Cc'ing Lai, Gu and Kamezawa as they've been working in the area for a
while now.  Gu, is this related to what you've been working on?

Thanks.

On Fri, May 08, 2015 at 07:16:40PM +0800, Song Xiumiao wrote:
> From: songxiumiao <songxiumiao@inspur.com>
> 
> By analysing the bug function call trace,we find that create_worker
> function will alloc the memory from node0.Because node0 is offline,
> the allocation is failed.
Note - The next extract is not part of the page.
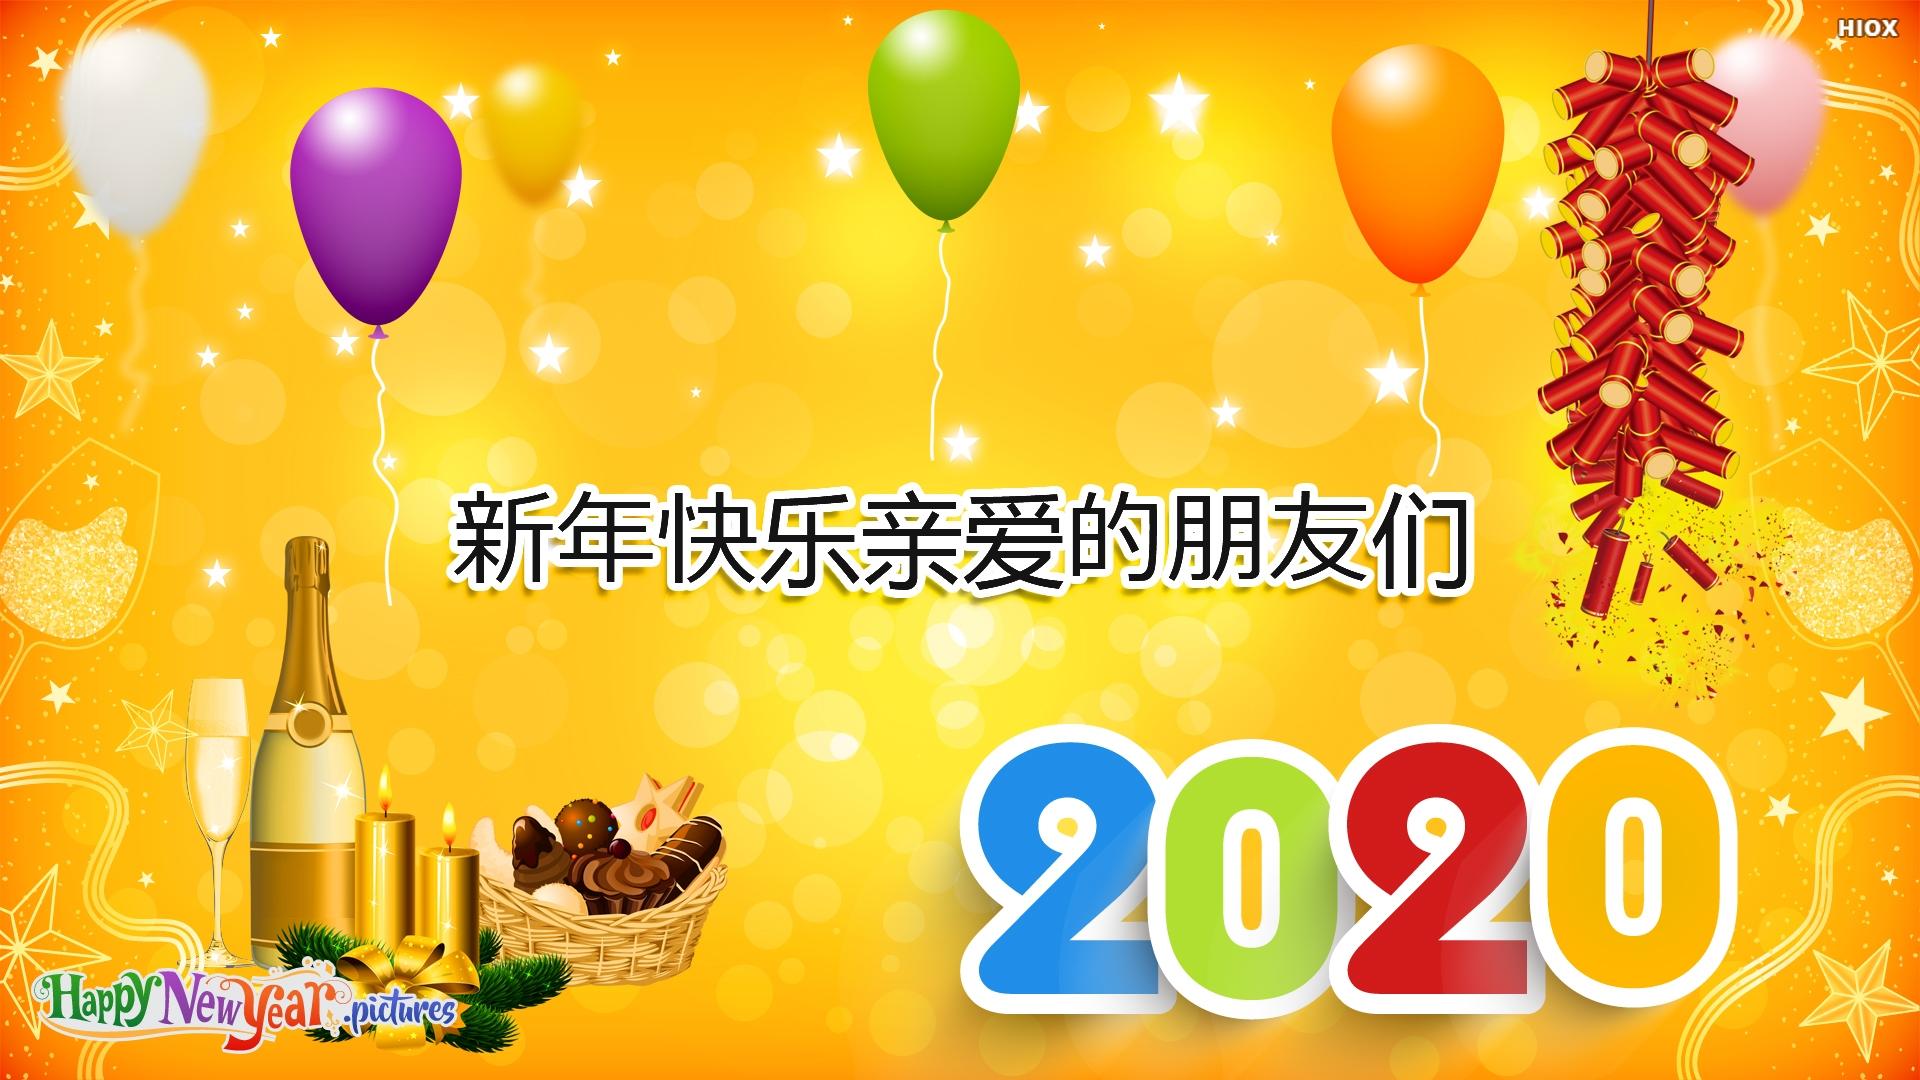 新年快乐亲爱的朋友们

Then we add a condition to ensure the node
> is online and system can alloc memory from a node that is online.
> 
> Follow is the bug information:
> [root@localhost ~]# echo 1 > /sys/devices/system/cpu/cpu90/online
> [  225.611209] smpboot: Booting Node 2 Processor 90 APIC 0x40
> [18446744029.482996] kvm: enabling virtualization on CPU90
> [  225.725503] TSC synchronization [CPU#43 -> CPU#90]:
> [  225.730952] Measured 672516581900 cycles TSC warp between CPUs, turning off TSC clock.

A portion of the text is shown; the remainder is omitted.